The switch between crystal-clear visions and total blindness is deeply unsettling. As if nature itself is toying with us—our senses, our willpower. One moment your eyes feast on majestic landscapes, the next you’re questioning the purpose, the very sanity, of what you’re doing. I feel like I’ve slipped into an alternate reality, the negative of an old photograph. Maybe I’m delirious, but these are the thoughts that crowd my mind as I climb. At least it’s not the usual dumb songs that get stuck in my head on long ascents. Anyway, the only sound in my ears is the wind.
Even peeing becomes a bit of a challenge—and for once, Layla might actually have the advantage. But the worst part is the ash on the snow, sticking to the skins and clumping under our skis. I feel like I’m in one of those childhood nightmares where you have to escape something terrifying, but your legs get heavier and heavier. Only here, you don’t wake up safe in bed, crying into your mother’s arms. You just try not to drop a glove while fishing for a few pistachios or hazelnuts from your pant pocket. A few moments ago, the sun still lit up the turquoise sea we swam in that very morning. How have the clouds swallowed us already?
Suddenly we’re in The Road by Cormac McCarthy, and I feel like one of those last scraps of humanity pushing forward into the unknown. If I had even a bit of a writer’s talent, I’d try to describe the overwhelming visual excess we’re skiing through. Ash and snow—two elements that should never meet on this scale—blend into a landscape in constant flux.

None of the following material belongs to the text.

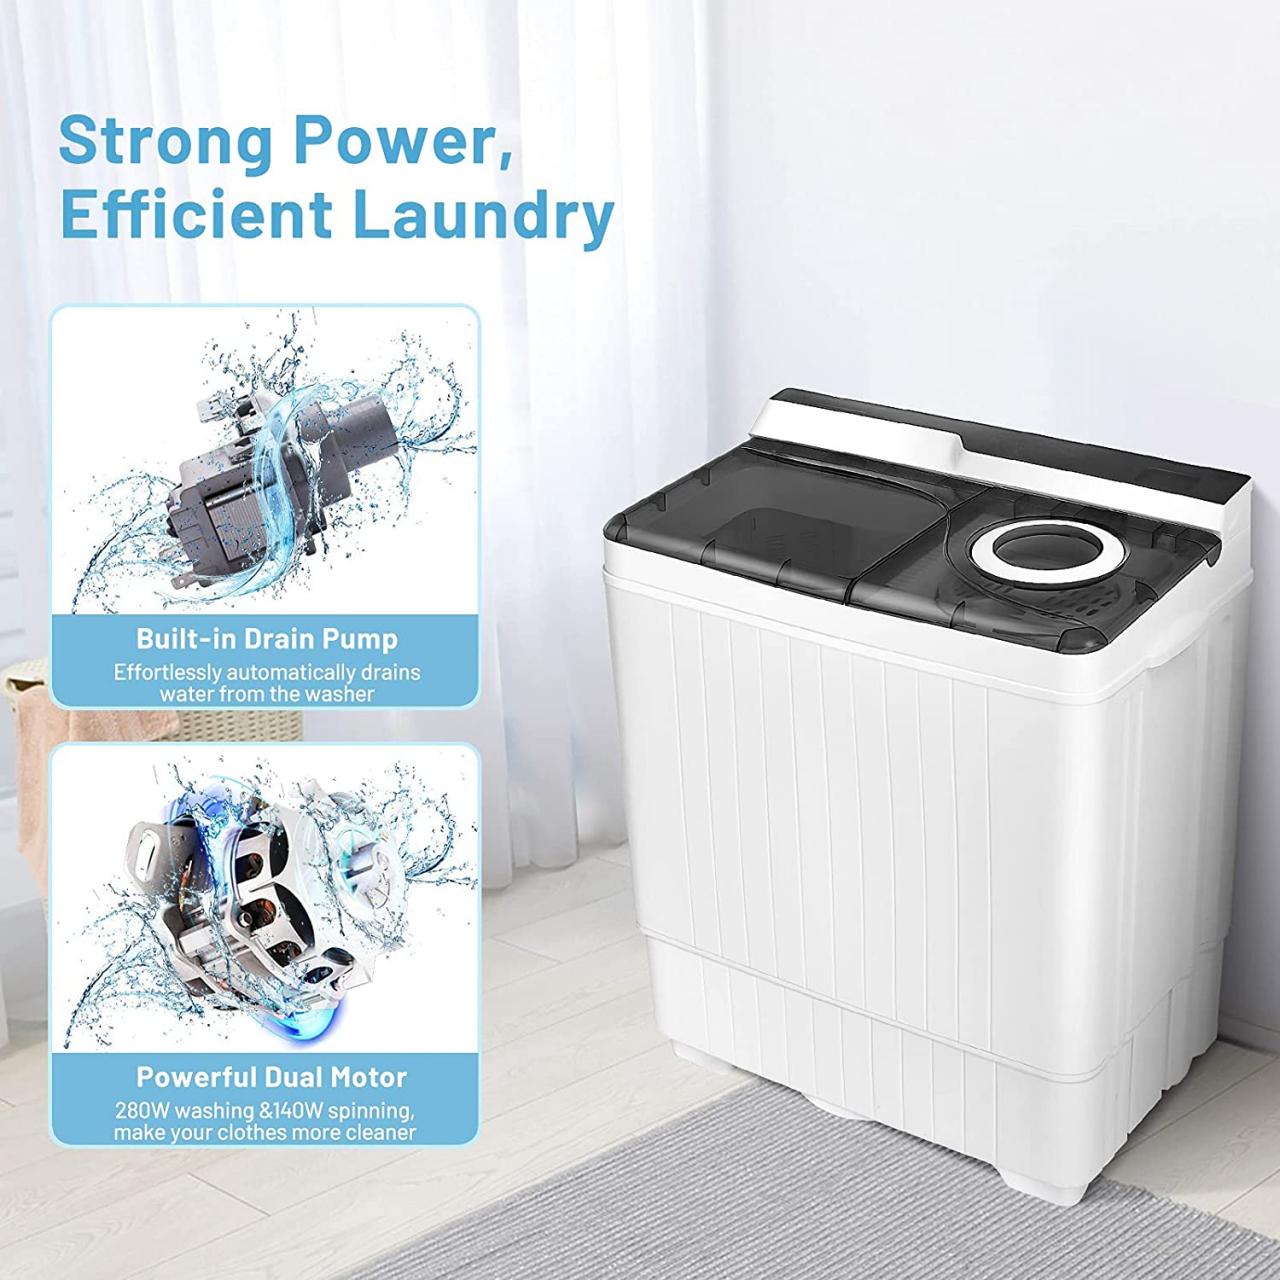 Buy Giantex Washing Machine Semi-automatic, Twin Tub Washer with Spin Dryer,  26lbs Capacity, Built-in Drain Pump, Portable Laundry Washer, Compact  Washing Machine for Apartment, Dorm and RV (White+Gray) Online in Vietnam.  B097KCMW45
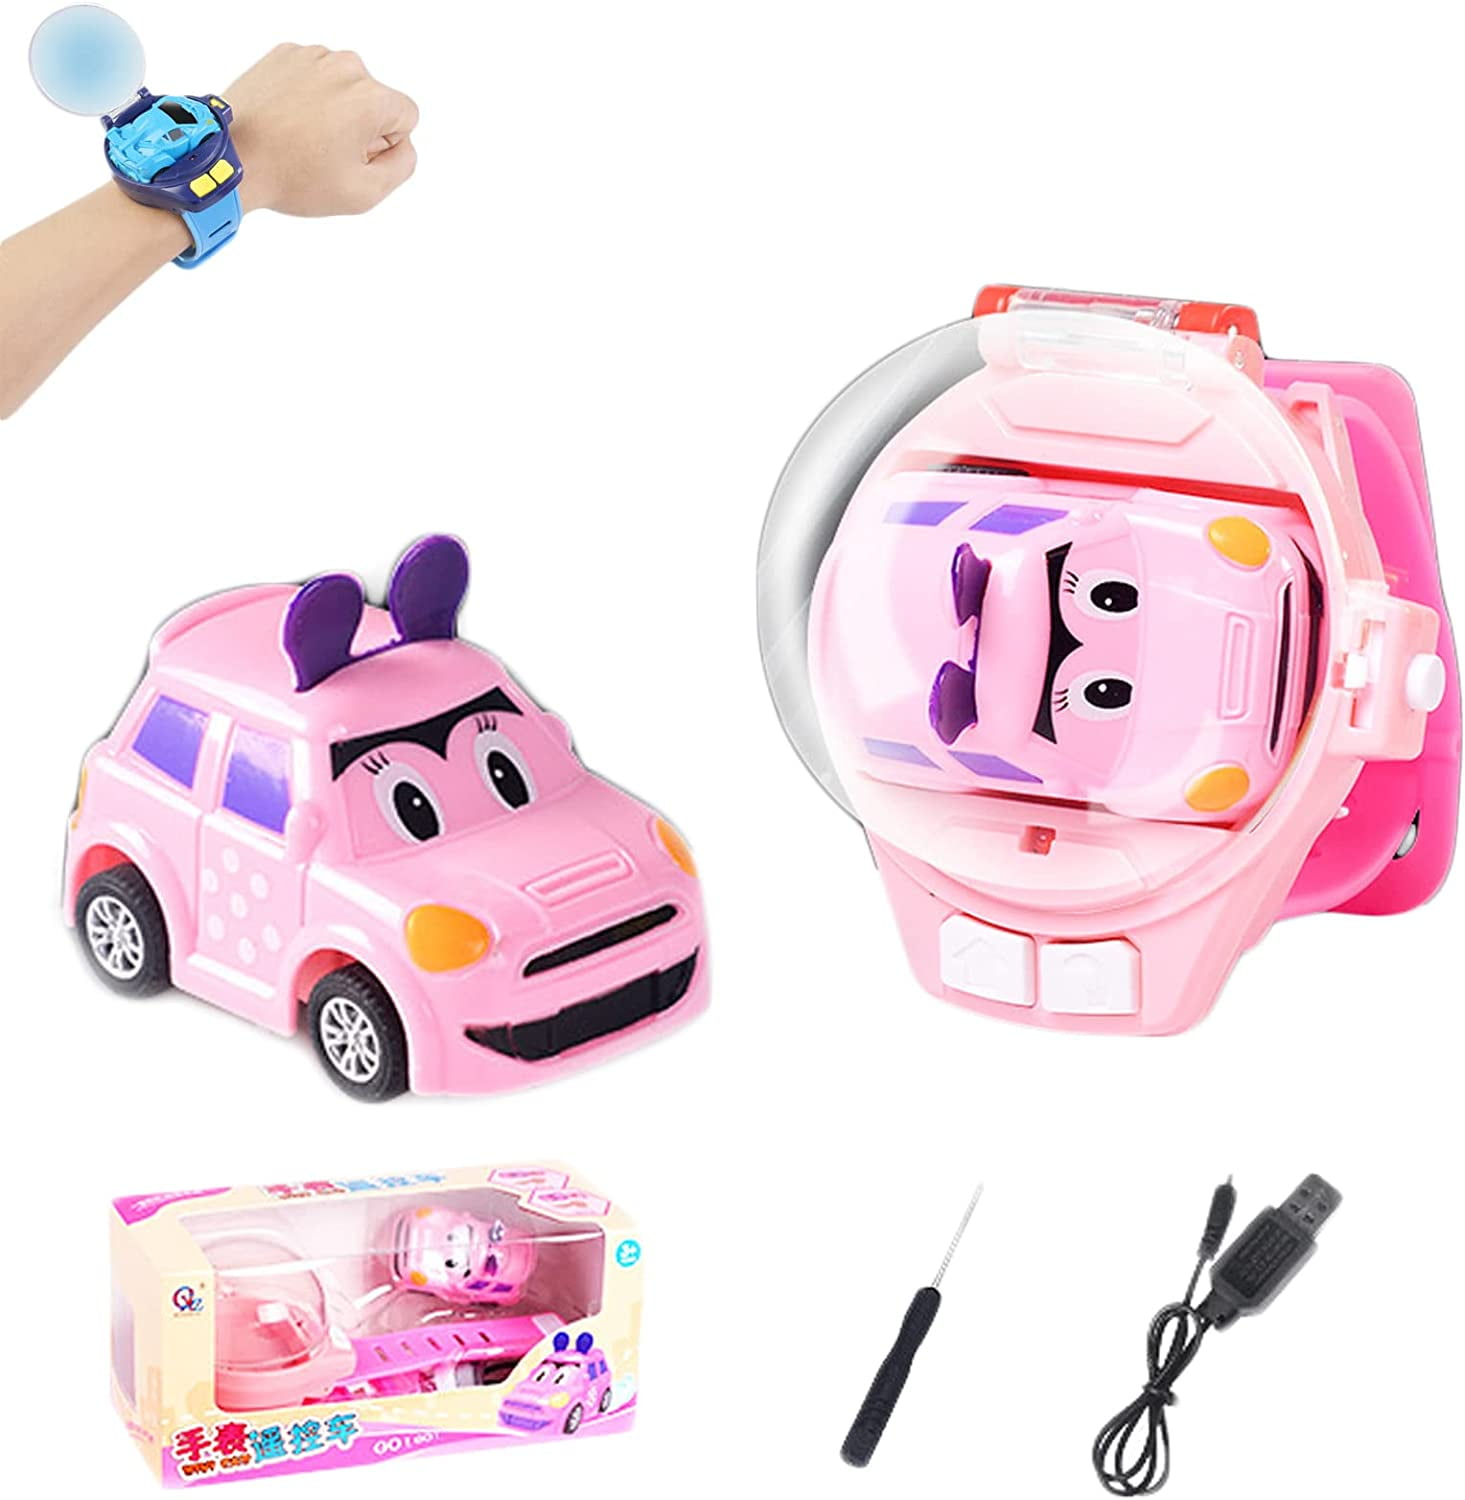 Mini Wrist Watch Remote Control Car Toys for Boys Grils, 2.4 GHz USB  Charging RC Small Car with LED Taillight, Cute Racing Car Gifts for Kids  Ages 4+

A feeling as intense as the cold moistens my eyes, and our little group moves forward wrapped in a hypnotic silence. As twilight falls, the blood-red sunset gives way to a stream of lava flowing just a few dozen meters away. Above our heads, the volcano’s crater yawns open like a wound in a vast sea of clouds, roaring like the dawn of the world.
We’ve all stepped into something powerful, profoundly emotional. A lava dragon moves and breathes in an organic whisper. I can’t look away. The waves of heat radiating from it blend with something more personal and intimate—gratitude, pure joy, the realization that we’re here, now.
We almost forget to take any photos.
On the way back, a fine rain drums against my jacket, soaking the forest and the vegetation, which in the dim evening light dissolve into something else entirely. I refuse to turn on my headlamp—I’d rather stay immersed in the moment, even if I trip constantly and can only stay upright thanks to my poles. The group is far ahead now, but I still catch glimpses of Clément and Layla’s lights at the rear.
I’m exhausted, but my legs have never let me down, and I know I can keep going—despite the bad knee and my worse temper. I feel like an old loner at the bottom of the food chain. If I were a herbivore, I’d be the next prey.
That awareness, that vulnerability, squeezes my chest.
I loved this wild dance up toward the summit—through majestic, wind-carved valleys shaped like waves of soft snow, where we tried to lay elegant tracks. Then the thrill of navigating through the damp fog, where strange snow outcrops rise like ghostly shipwrecks. And finally, another level still—where the first signs of plant life begin to appear.
It’s incredible when skiing turns into a rite of passage—a sequence of physical and visual sensations.
A wild game. The real wild ski. A simple, instinctive way of moving through a ghostly environment.